Chega de levar vantagem em tudo, é preciso fair play no futebol brasileiro
Nos anos 1970 ficou famoso um comercial de TV estrelado pelo craque Gérson, da Seleção Brasileira tricampeã do mundo no México. Divulgava um cigarro e marcou época por conta da seguinte frase de Gérson: “É para quem gosta de levar vantagem em tudo”.
Emblemático sinal daquilo que acontece dentro das quatro linhas e também nos bastidores do futebol brasileiro. “Levar vantagem em tudo” virou sinônimo de esperteza, malandragem e capacidade de enganar os outros.
Em 2005, por exemplo, tivemos a Máfia do Apito, que levou a CBF, após denúncias apuradas pelos meios de comunicação, a cancelar jogos, suspender juízes e reorganizar o campeonato brasileiro durante seu andamento. Os árbitros estavam recebendo propina para direcionar resultados das partidas.

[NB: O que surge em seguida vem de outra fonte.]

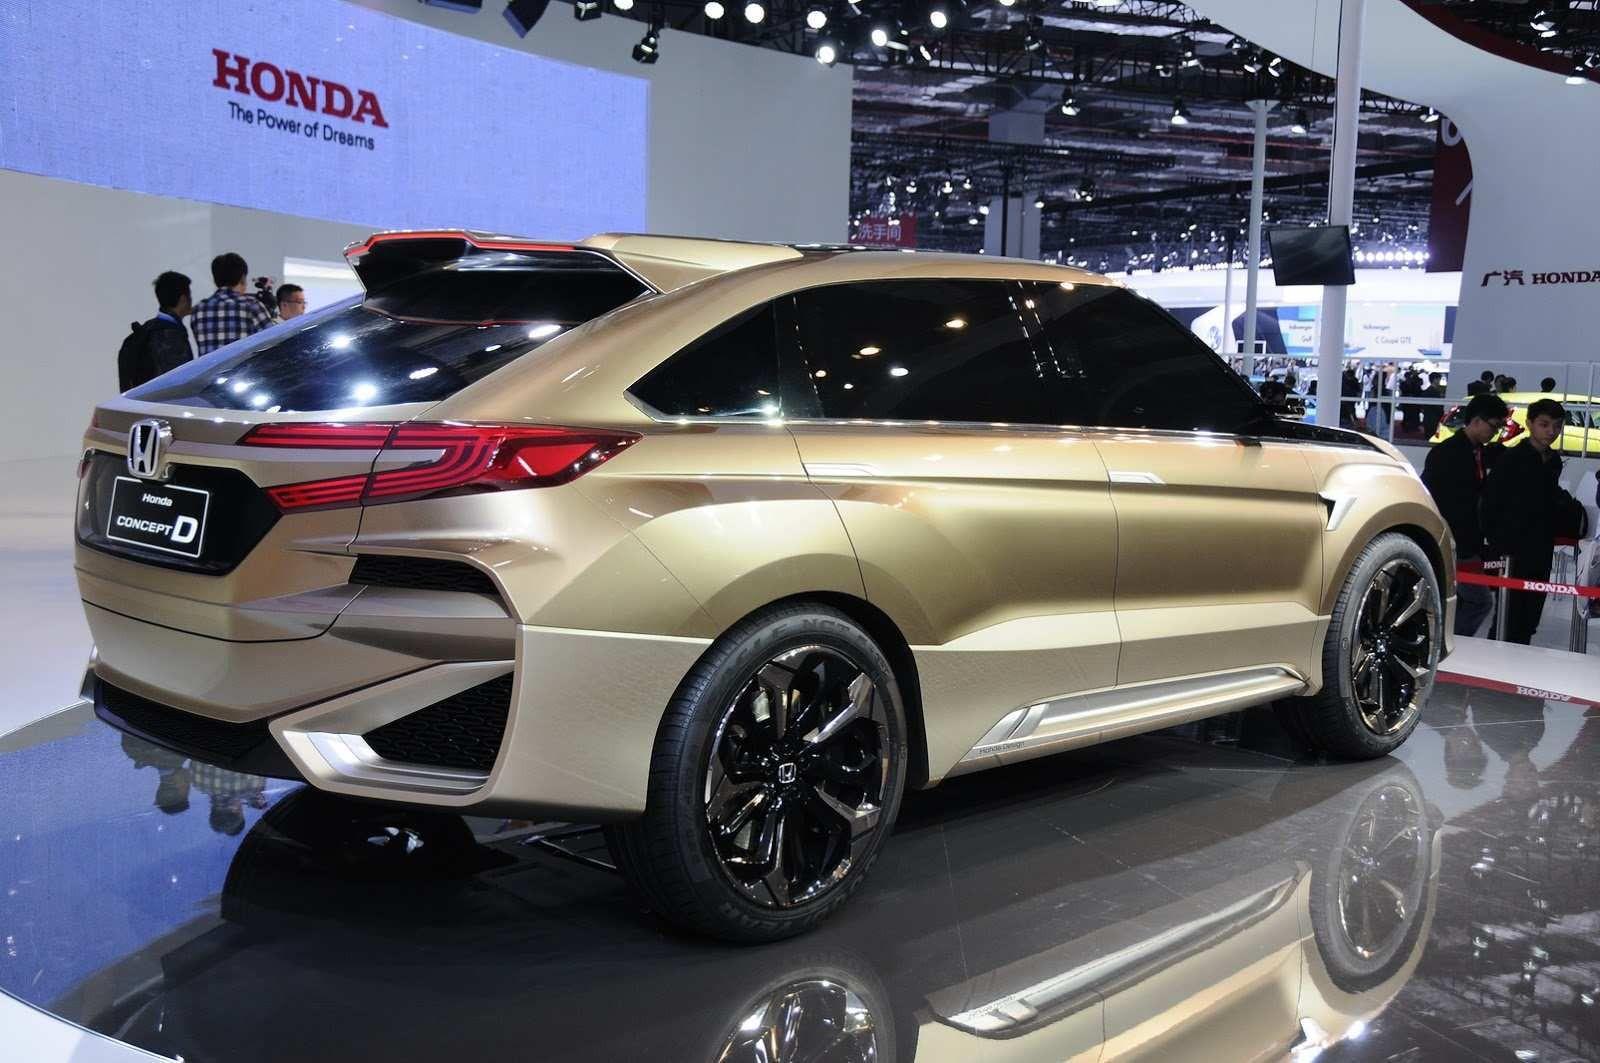 Honda Xr 2020 First Drive For Honda Xr 2020 New Review Di 2020

Em 2012, a apenas 2 anos do início da próxima Copa do Mundo, a ser realizada no Brasil, o presidente da CBF, alegando problemas de saúde, renuncia ao cargo. Foram 20 anos no poder. Ao cair fora na reta de chegada de um dos maiores eventos esportivos do mundo, Ricardo Teixeira antecipou-se a denúncias que o perseguiam desde os anos 1990 e que, certamente, poderiam lhe tirar o poder por outras vias, como um impeachment.
No campo de jogo, entre os atletas, tornam-se mais comuns os casos de jogadores que assinam vultosos contratos e não cumprem sua parte. Adriano, por exemplo, ficou por uma temporada na Roma e não marcou sequer um gol, passou mais um ano no Corinthians e atuou em apenas 8 partidas.
Casos que denotam falta de ética no futebol brasileiro e que levaram o cronista esportivo Juca Kfouri a dizer que o Brasil já não é mais o país do futebol. O descaso, descompromisso e as ações em benefício próprio em detrimento do respeito às regras do jogo afastam os fãs do esporte.
Cresce a quantidade de novos torcedores no Brasil que torcem por times como o Real Madri ou o Barcelona. Estas equipes, além de vitoriosas, são mais organizadas e procuram jogar dentro do regulamento.
No caso do futebol brasileiro, é preciso que dos atletas aos dirigentes, prevaleça a ética, bem entendida como a filosofia moral, ou seja, o compromisso com aquilo que é justo, correto e honesto. É preciso substituir a prática do “levar vantagem em tudo” pelo Fair Play (Jogo Limpo), não apenas nos lances de jogo, mas em toda a sua organização.